After the Honeymoon: How to Keep the Spark Alive in a Long-Term Relationship

10th Jan 2018

After the Honeymoon: How to Keep the Spark Alive in a Long-Term Relationship

Keeping the Spark AliveIt happens eventually to every long-term couple. In the beginning of your relationship, you craved to be with each other constantly. It was exciting and intimate. And now, it isn't. Even the most loving relationships reach a point when everyday life takes priority and the relationship moves to the back burner. But this doesn't have to mean that your relationship is doomed to bed death. You can still reclaim that old spark.

Belgian psychotherapist Esther Perel is on a mission to educate couples about maintaining sexual desire in long-term monogamous relationships.

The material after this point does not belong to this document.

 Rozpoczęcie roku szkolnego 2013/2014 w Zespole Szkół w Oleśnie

She suggests that relationships require distance in order to fuel desire. "Can we want what we already have?" she asks in her TEDx talk. Perel identifies a distinction between love and desire, claiming that it is possible to love your partner without desiring them. However, she believes that desire is a central concept of modern love, and that in order to sustain desire in a committed relationship, a couple must reconcile their contradicting needs for security and novelty. But if love requires closeness and desire demands space, how can a couple overcome that contradiction together?

While on tour promoting her book Mating in Captivity, Perel surveyed people across genders, religions, and cultures, asking them to name a time when they felt most drawn to their partner. One of the most common responses was that they felt most drawn to their partner when their partner was self-sustaining and confident in their own element. According to Perel, it is in these moments that a familiar partner becomes unknown once again, a mystery begging to be solved. This is what propels couples towards each other and sustains excitement and desire in a long-term relationship.

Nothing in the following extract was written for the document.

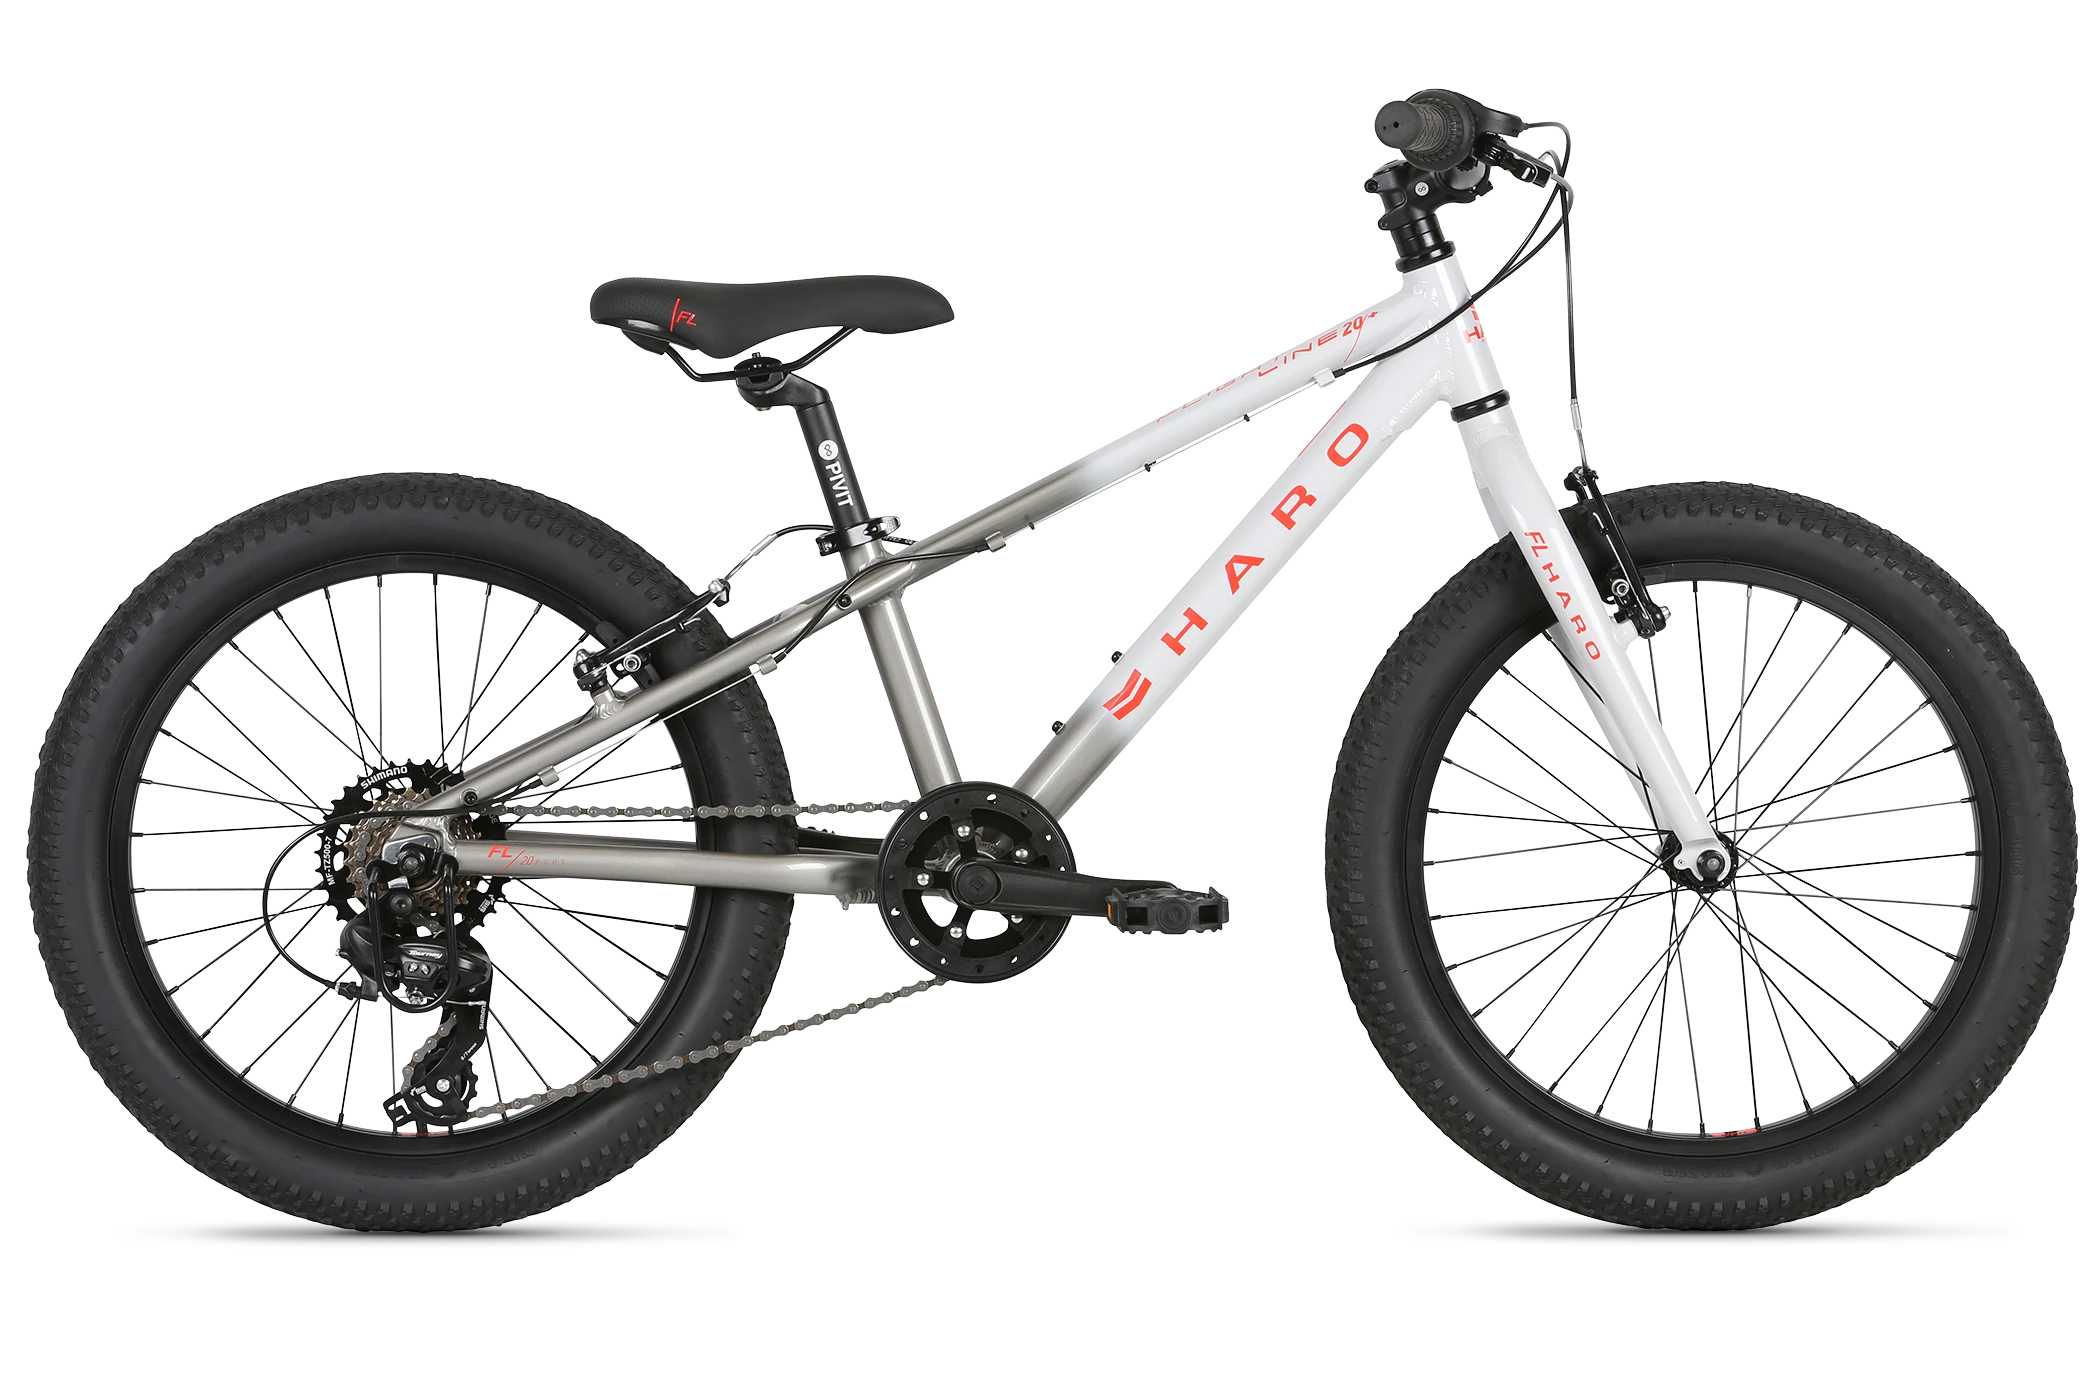 Детский велосипед Haro Flightline 20 Plus 2021 серый-красный горный велосипед altair haro flightline one 29 год 2021 серебристый ростовка 18

"Mystery is not about traveling to new places, it's about looking with new eyes," Perel claims. In order to gain a perspective that enables mystery, both partners in a relationship must be free to experience autonomy. Each partner must have the opportunity to foster an identity that is not defined by their relationship. They must be able to explore new interests, hobbies, and friendships while still knowing they are secure in their relationship. The death of erotic intimacy, Perel explains, occurs when one or both members of a couple is forced to give up either their need for connectedness or for freedom. If one partner is too afraid to give the other space to explore, then the second is forced to choose: they must either give up their autonomy in favor of closeness, or they must give up that closeness in order to experience autonomy. Either way, they lose a vital part of their relationship.

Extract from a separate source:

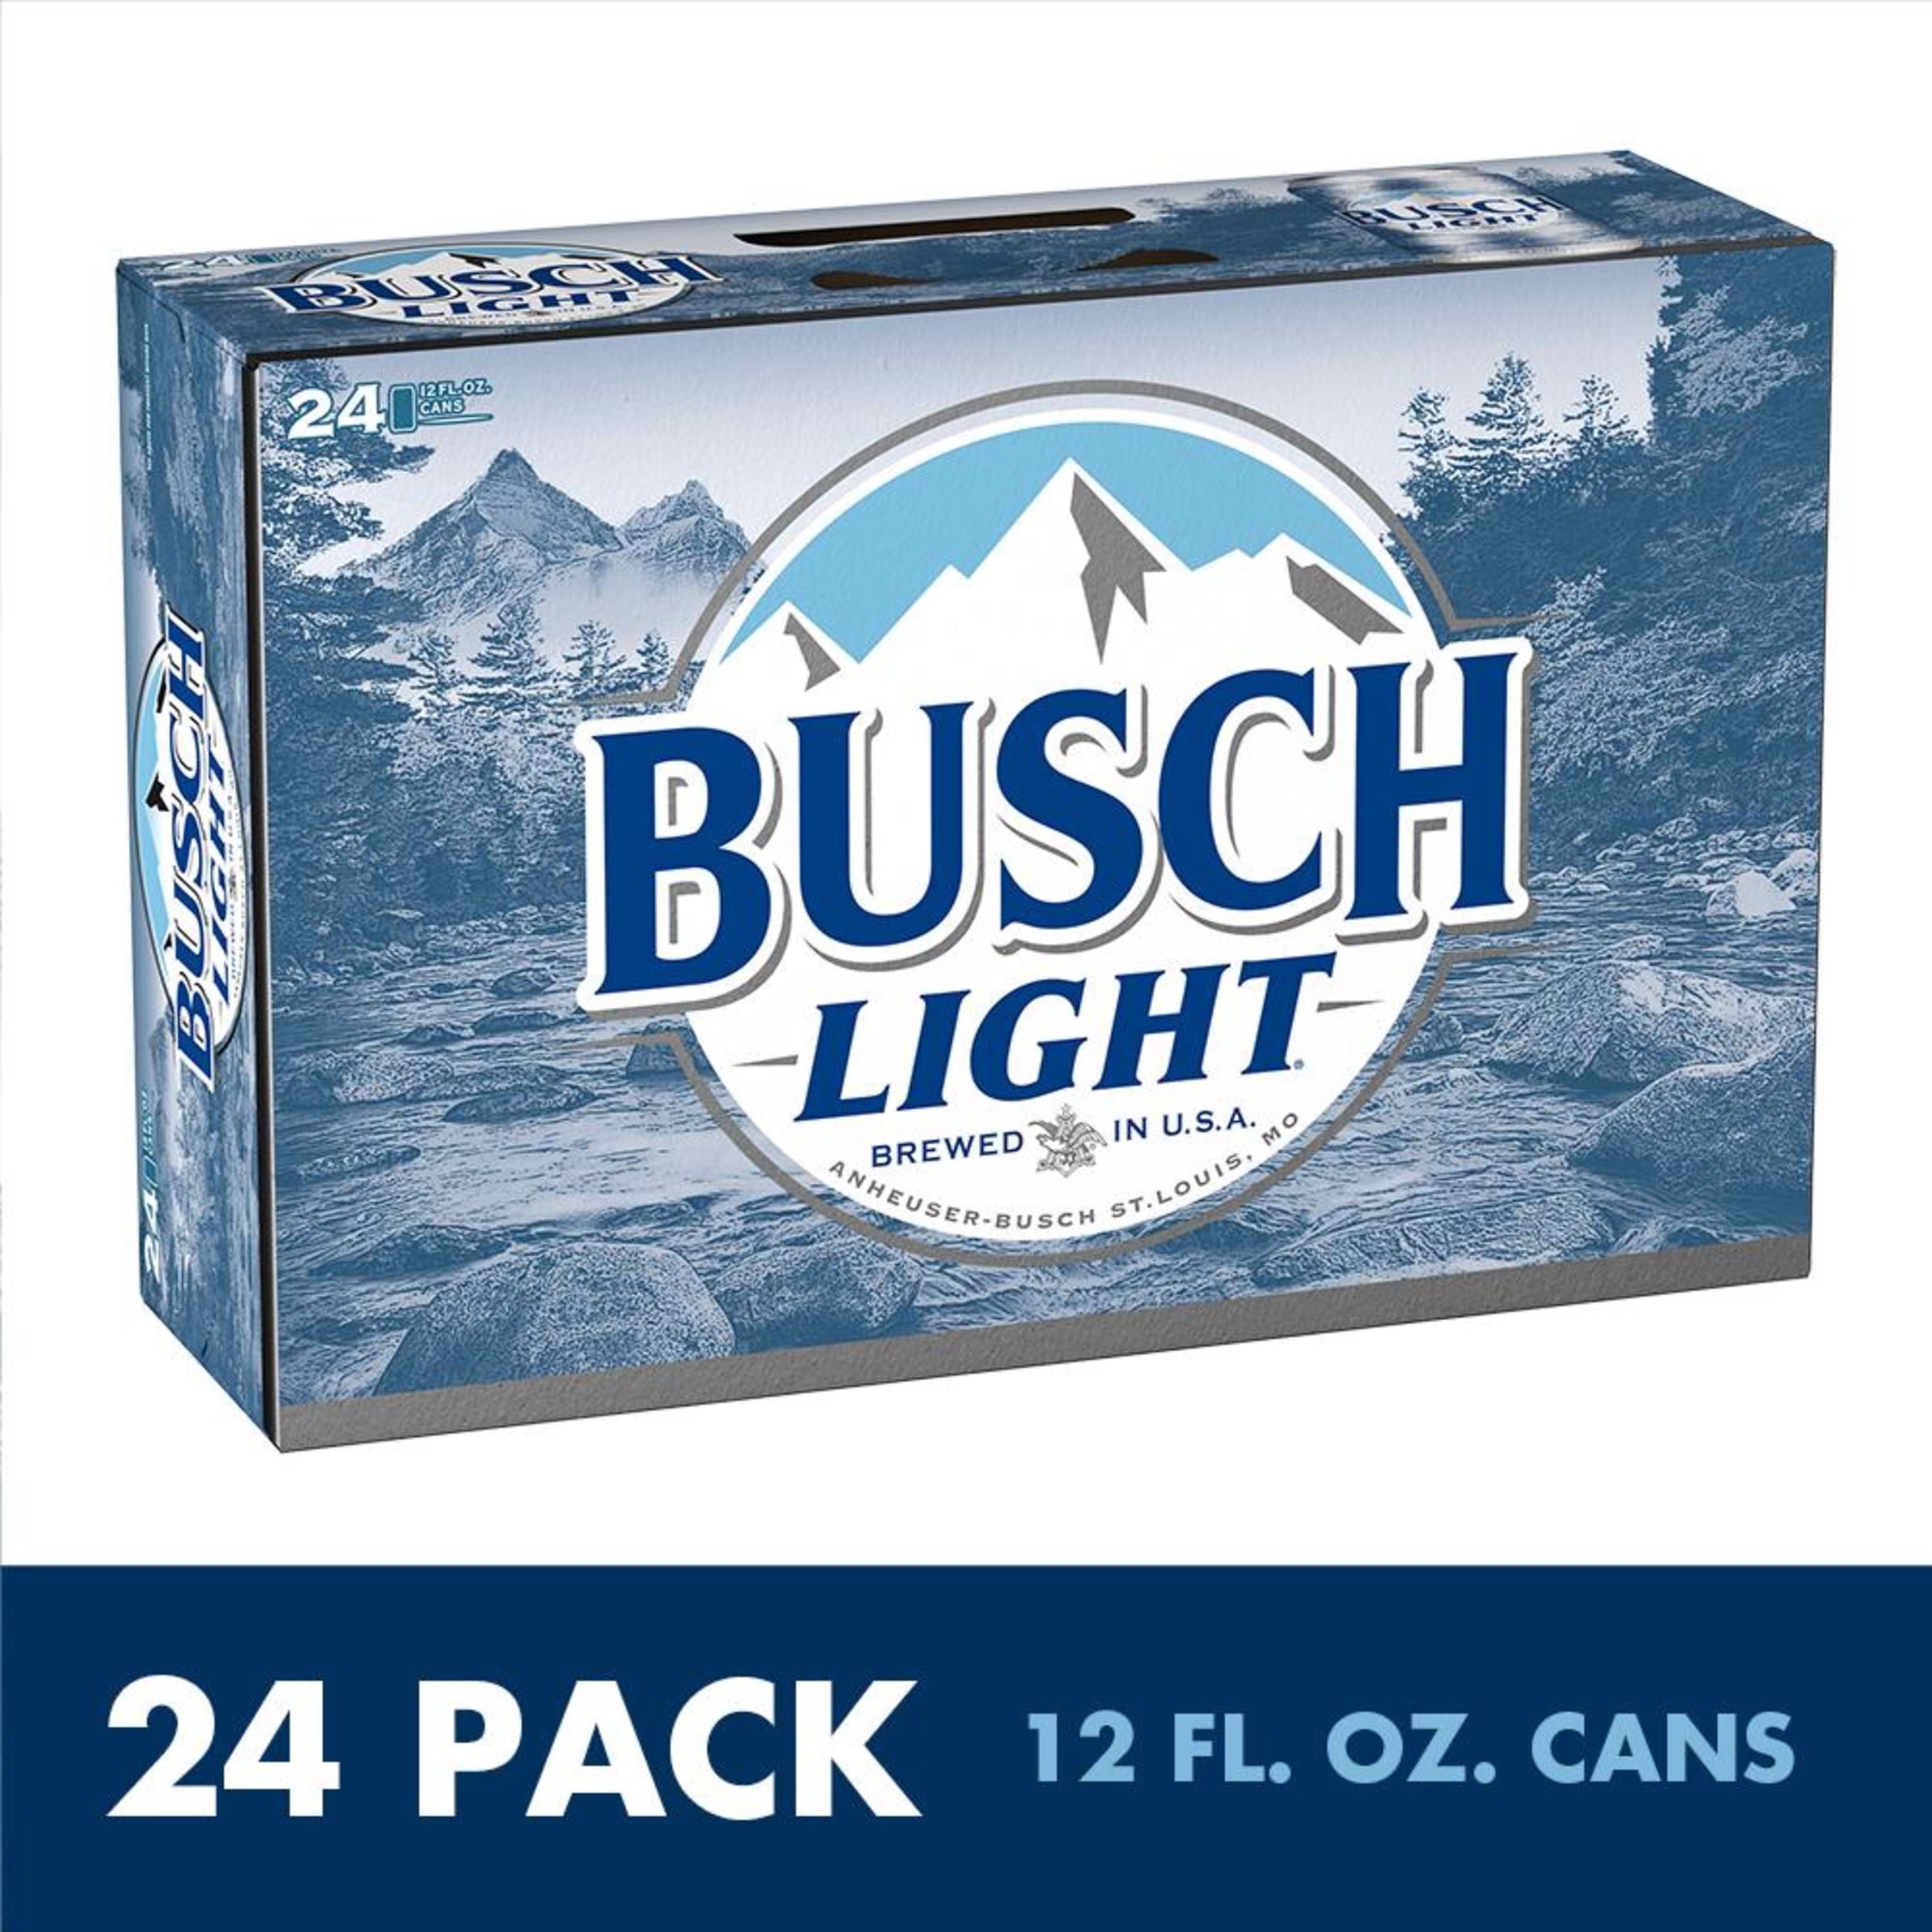 Busch Light Beer, 24 Pack Beer, 12 FL OZ Cans

Perel identifies a behavior of erotic couples who are able to reconcile their fundamental needs for closeness and autonomy: they maintain sexual privacy. "They understand that there is an erotic space that belongs to each of them," she explains. This erotic space allows each person to accept and embrace their own sexuality, instead of carrying the weight of their responsibilities into the bedroom with them. When each person has the room to fully explore their own sexuality, they discover mysteries within themselves. And through these personal explorations, they can share their mysteries with each other.

Ultimately, erotic success in a long-term relationship requires trust. Each partner must feel comfortable allowing the other to explore themselves as an individual. By fostering a space where each partner has the freedom to journey alone while still feeling safe and secure in their relationship, a healthy distance is allowed to grow. That distance is the key to sustaining desire.